I thought it would be helpful to apply just to feel like we were actively trying to move forward. Erin was unsure. Even though we went into the process not having a preference about a boy or girl, we had spent 3 months planning on a girl so Erin decided that for right now we might only apply for situations that the baby was female. Neither of us really had any thoughts that this would go any further than us applying then getting back to our grieving. We decided that one of the situations raised some concern for us but the second seemed steady, we wrote back and said they could put us in for that situation. They we're scheduled to meet with the family on the coming Sunday. 4 days after our supposed to baby was born.

The next week, which was the week before Christmas (for those trying to timeline), we got an email while at dinner. It was pretty short and simple but said that the family had decided to as 5 adoptive families the same questions and we were on that list. Honestly, we were a little shocked to have even heard back from them. That night we sat down and answered them as honestly as we could and sent the email off. They weren't overly long answers but we were as straight forward as we could be.

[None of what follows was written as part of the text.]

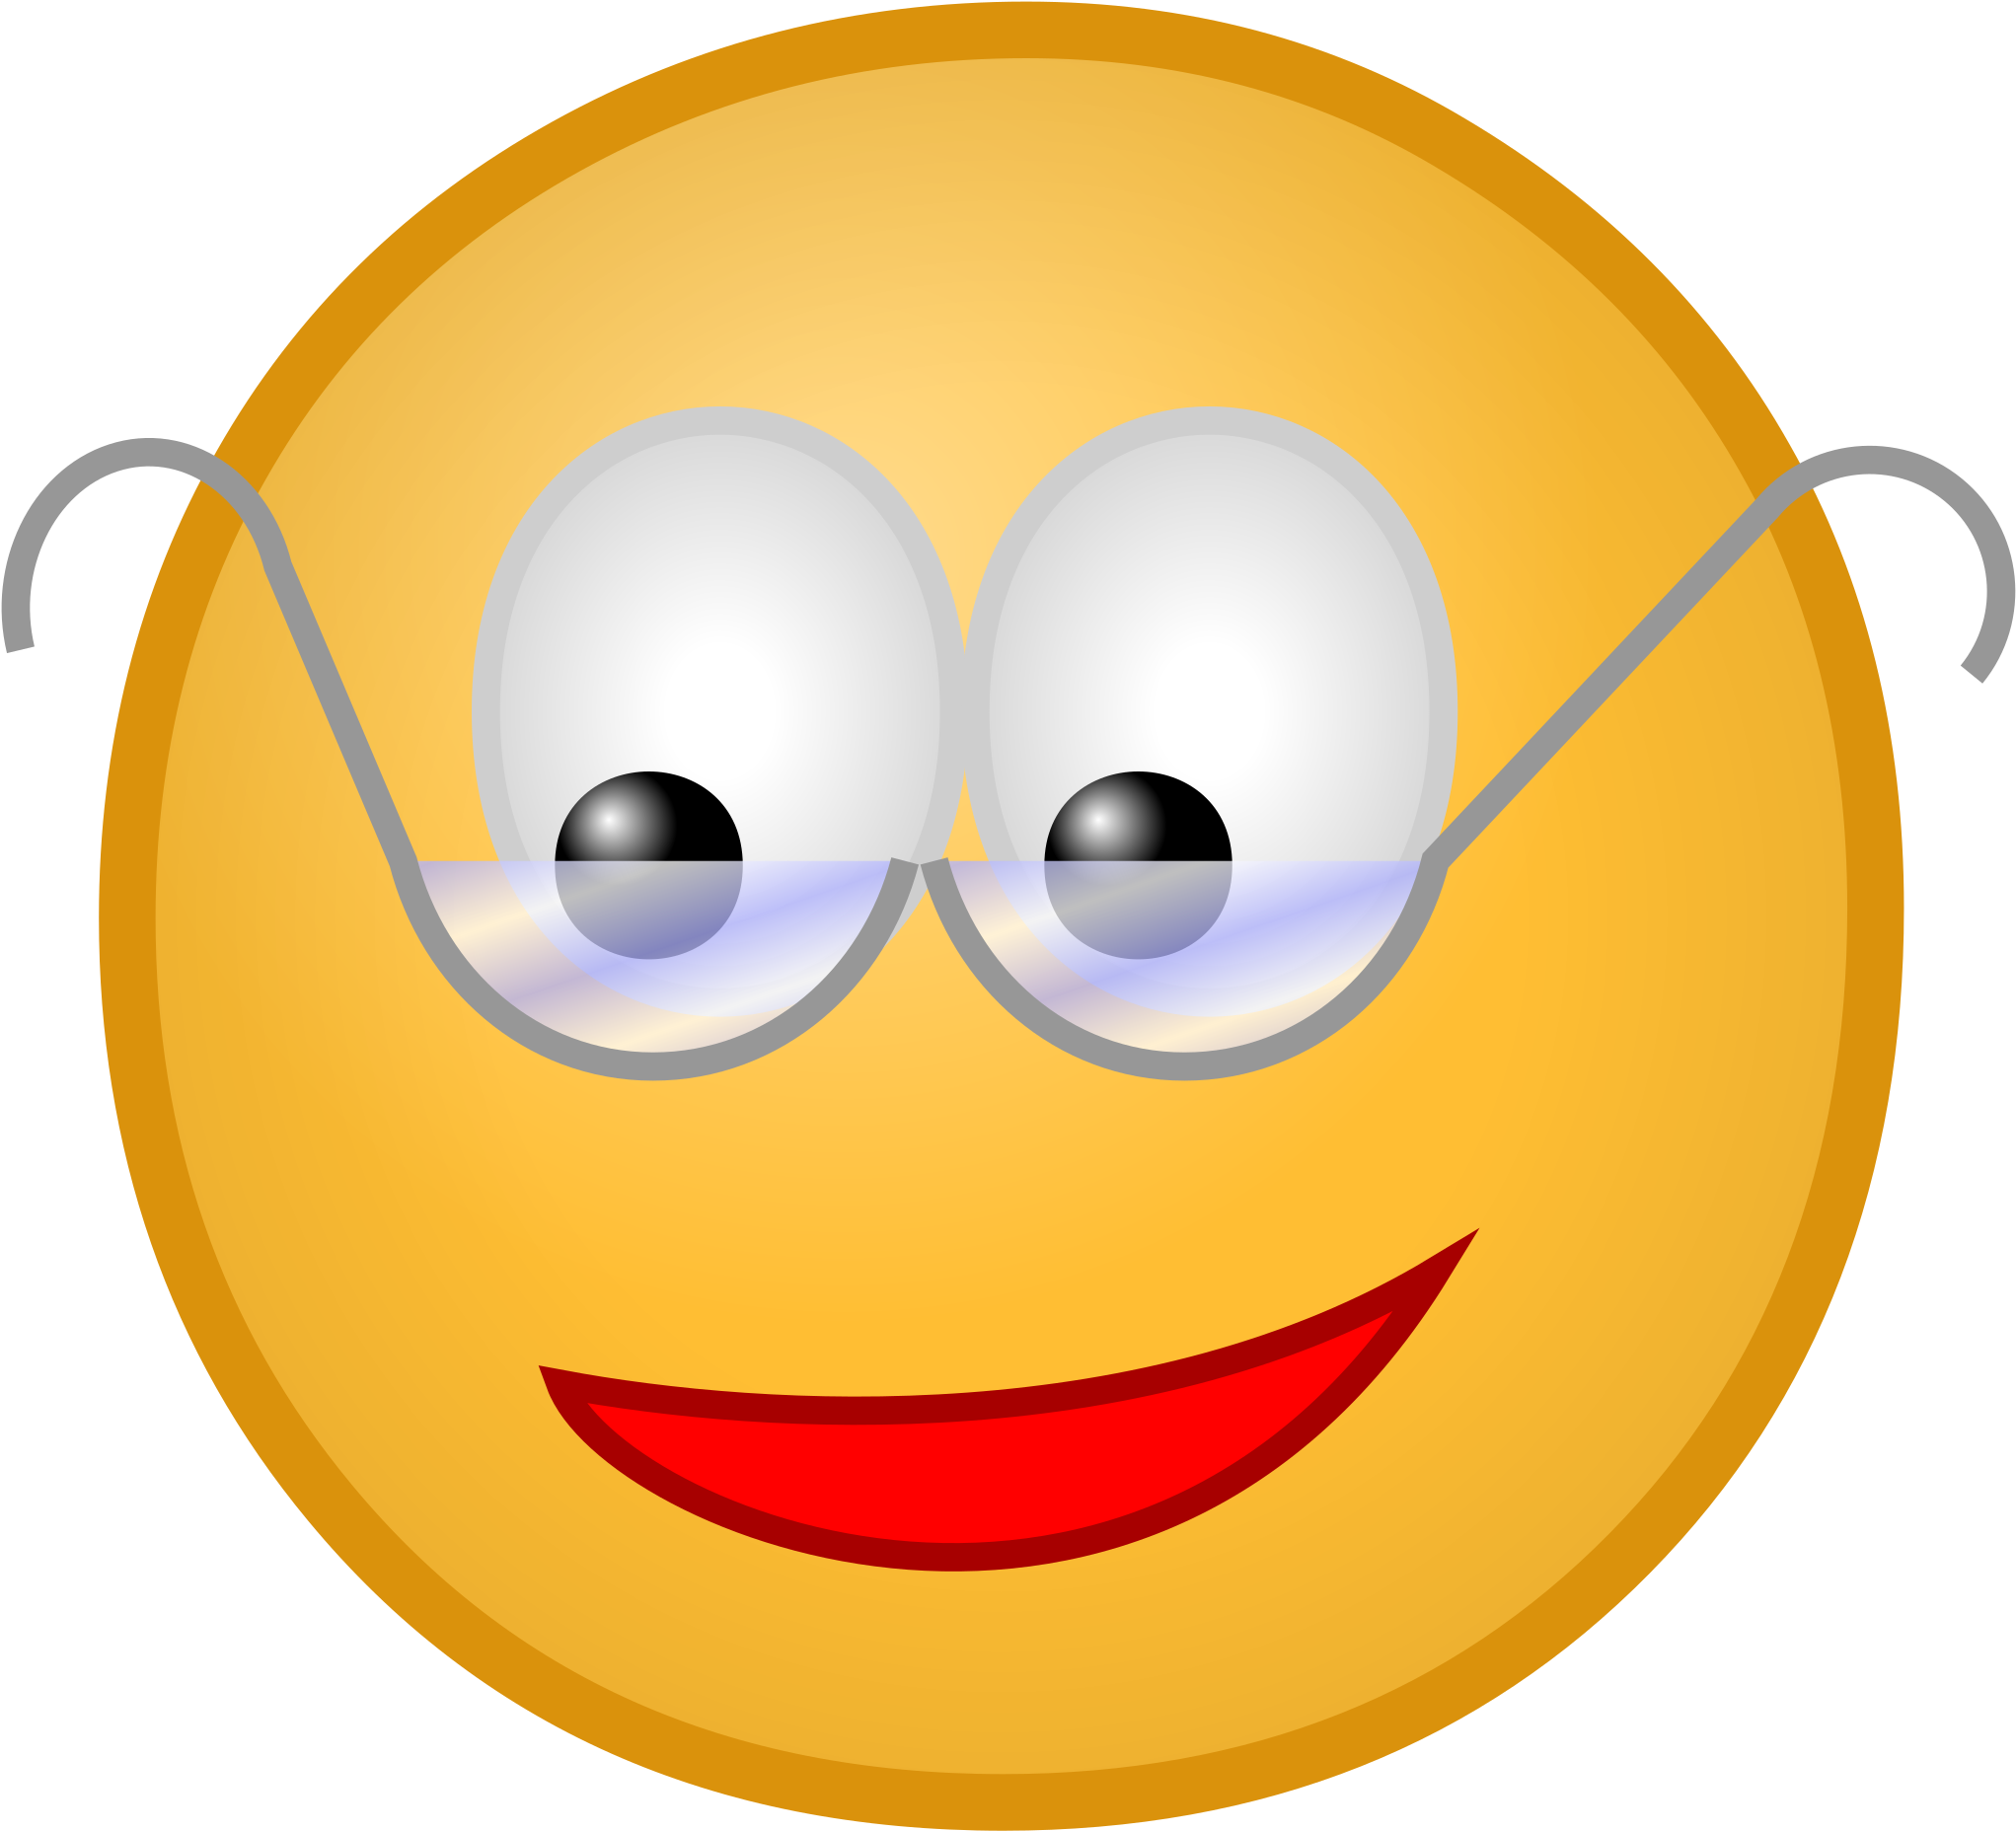 This Free Icons Png Design Of Smiley With Glasses - Smiley Face With Gl...

One thing we've learned is that this process is an all cards on the table kind of thing.

We planned a little mini trip to Toronto over Christmas just to get away for a bit and that was coming up the following Monday. I have a group of friends that I run with Saturday mornings, the 28th was my week to plan it. So everyone showed up, we knocked out 5 miles (I need to get back into shape BTW) and then they all took off. Erin was at work until about 1 so I was just hanging around the house until then, we had plans to go to diner with my family that night for a little pre-Christmas meal since we wouldn't be around on the actual day.

About 12:45 I got a phone call, from the agency.

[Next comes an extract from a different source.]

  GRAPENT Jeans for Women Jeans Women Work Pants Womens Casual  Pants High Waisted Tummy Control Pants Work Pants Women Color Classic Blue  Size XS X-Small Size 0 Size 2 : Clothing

They were calling to let me know that this family really liked us a lot and wanted to set a meeting to talk with us, but they wanted the agency to ask us before Christmas so that they could have a bit of piece of mind going into the holidays. I was in shock. We had not considered that this would even be a possibility, but we had a meeting set for Dec 30 at our agency in Medina. Erin got home right as I hung up with the agency.

To say that there were mixed feelings about another potential match would be an understatement. Two weeks before we were planning on a baby being at our house for Christmas, now three days before we're being contacted about potentially being matched with other baby. Remember the roller coaster? Ya, were in it.

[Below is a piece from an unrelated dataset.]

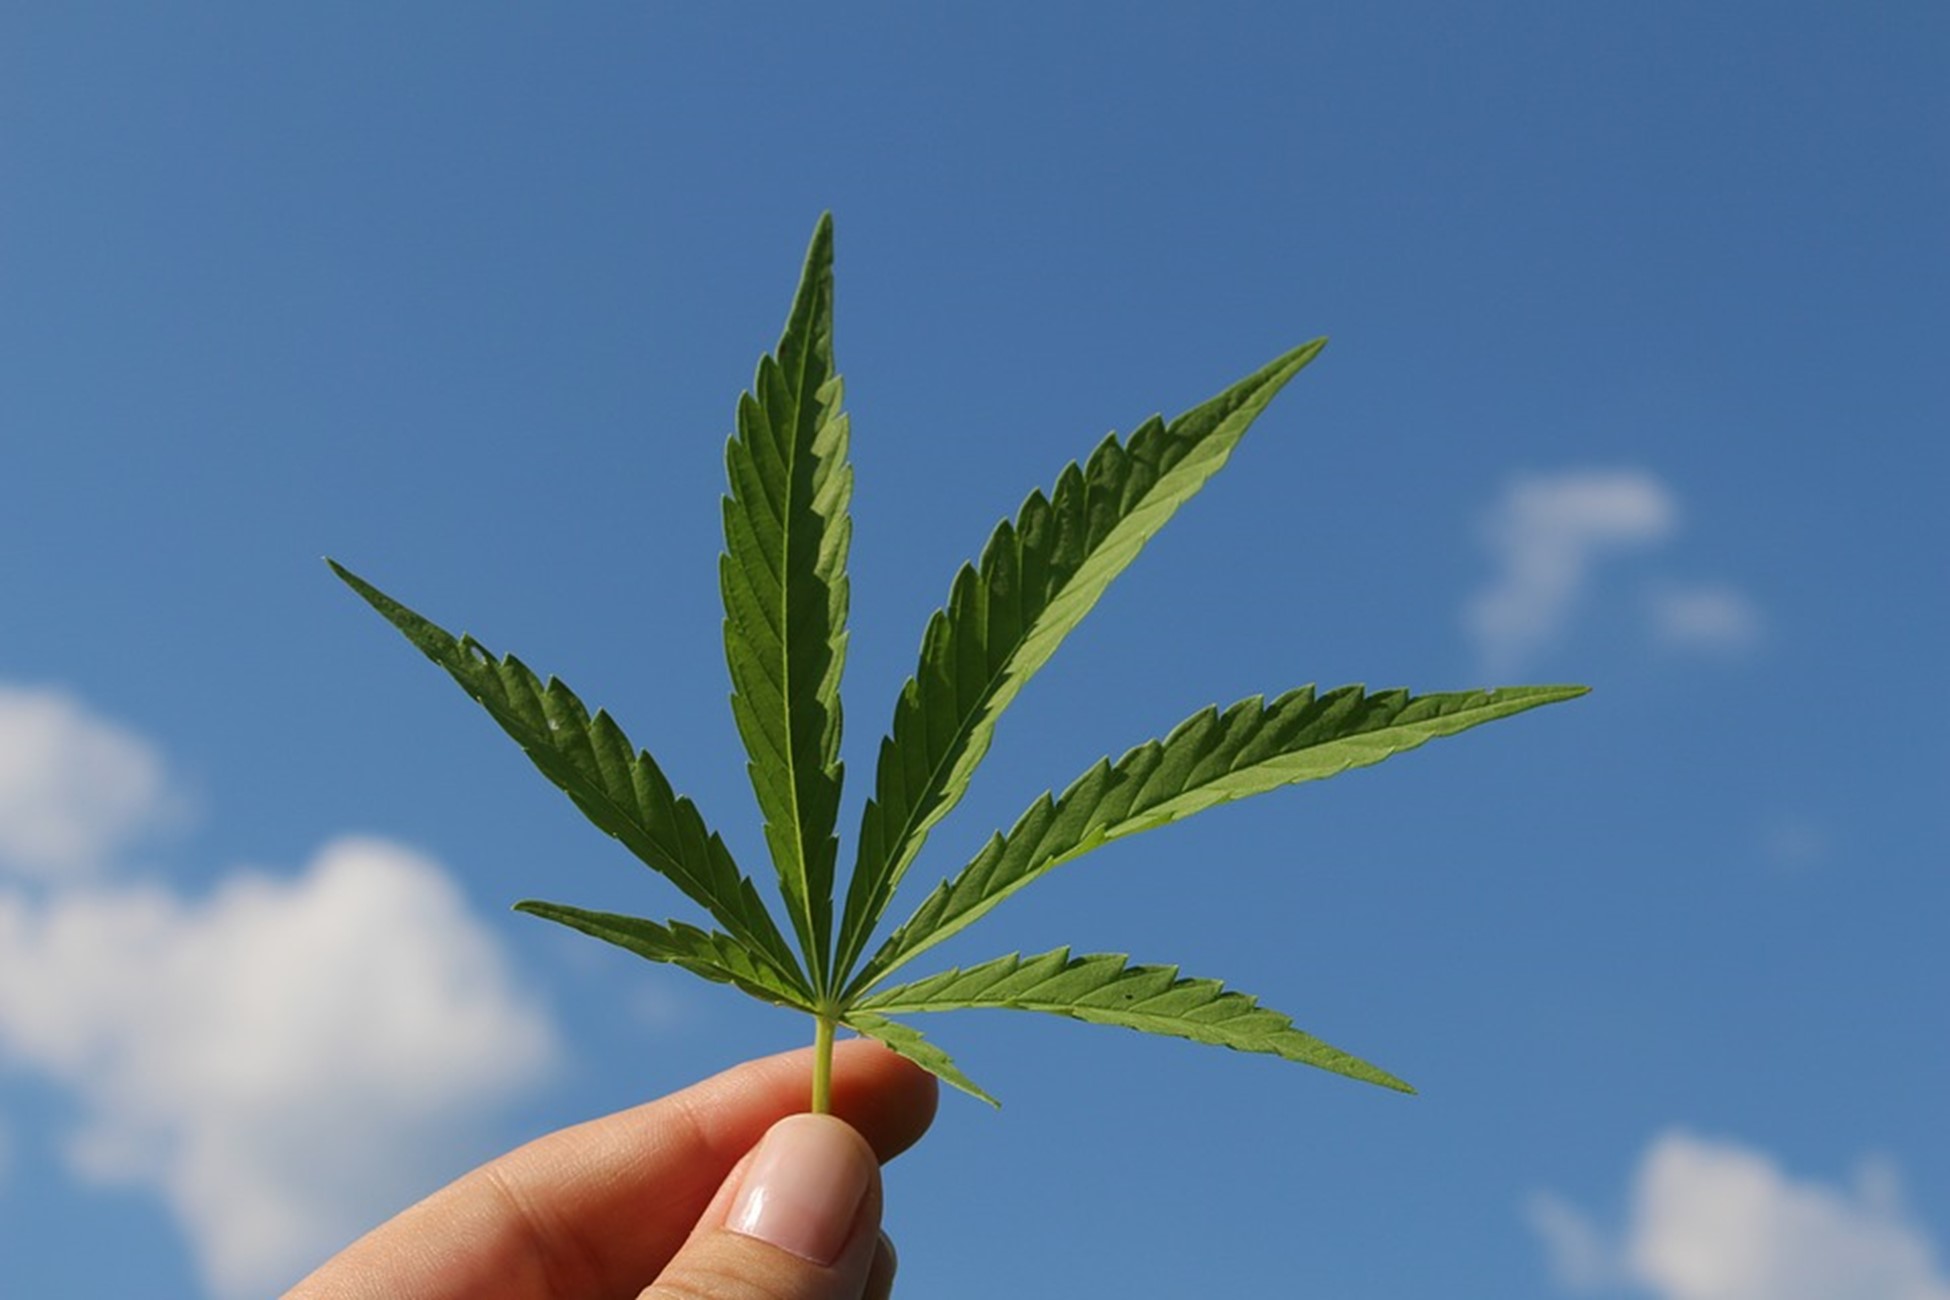 Leaf from a cannabis plant

On the 30th we all met at the agency and talked for about 45 minutes. We found out that they were not scheduled to meet with anyone else either. Both parents are involved in this situation so that was a big change from the last time. Everything seemed to go pretty well. I can't really explain how these meetings actually feel, those that have been in them know exactly what I mean, but they're a little awkward. Strangers meeting for the first time essentially interviewing to be the parents to someone else's unborn child. Its just simply weird. On New Years day we got a text from the agency that they would like to meet with us one more time to get to know us a little more. So that meeting was set for the 7th, or this past Tuesday for those reading in the present.

This time the meeting was at a coffee shop with no social worker present, just a neutral location for 4 people to sit down together and talk about life, babies, hobbies and just regular stuff. We ended up sitting together for two hours and basically closed out the shop. We left that meeting feeling much better and having a much better connection to them.

It turns out that they felt exactly the same way, because 10 minutes after we left we got a message from the agency telling us that they were absolutely choosing us as their adoptive family.

We are matched...again.
We are having a girl...again.
And that baby is due March 14th.

This situation is 100% different already, the attitudes towards the plan are far more positive then negative, where everyone is in life is different and the involvement is totally different. The whole situation is just different.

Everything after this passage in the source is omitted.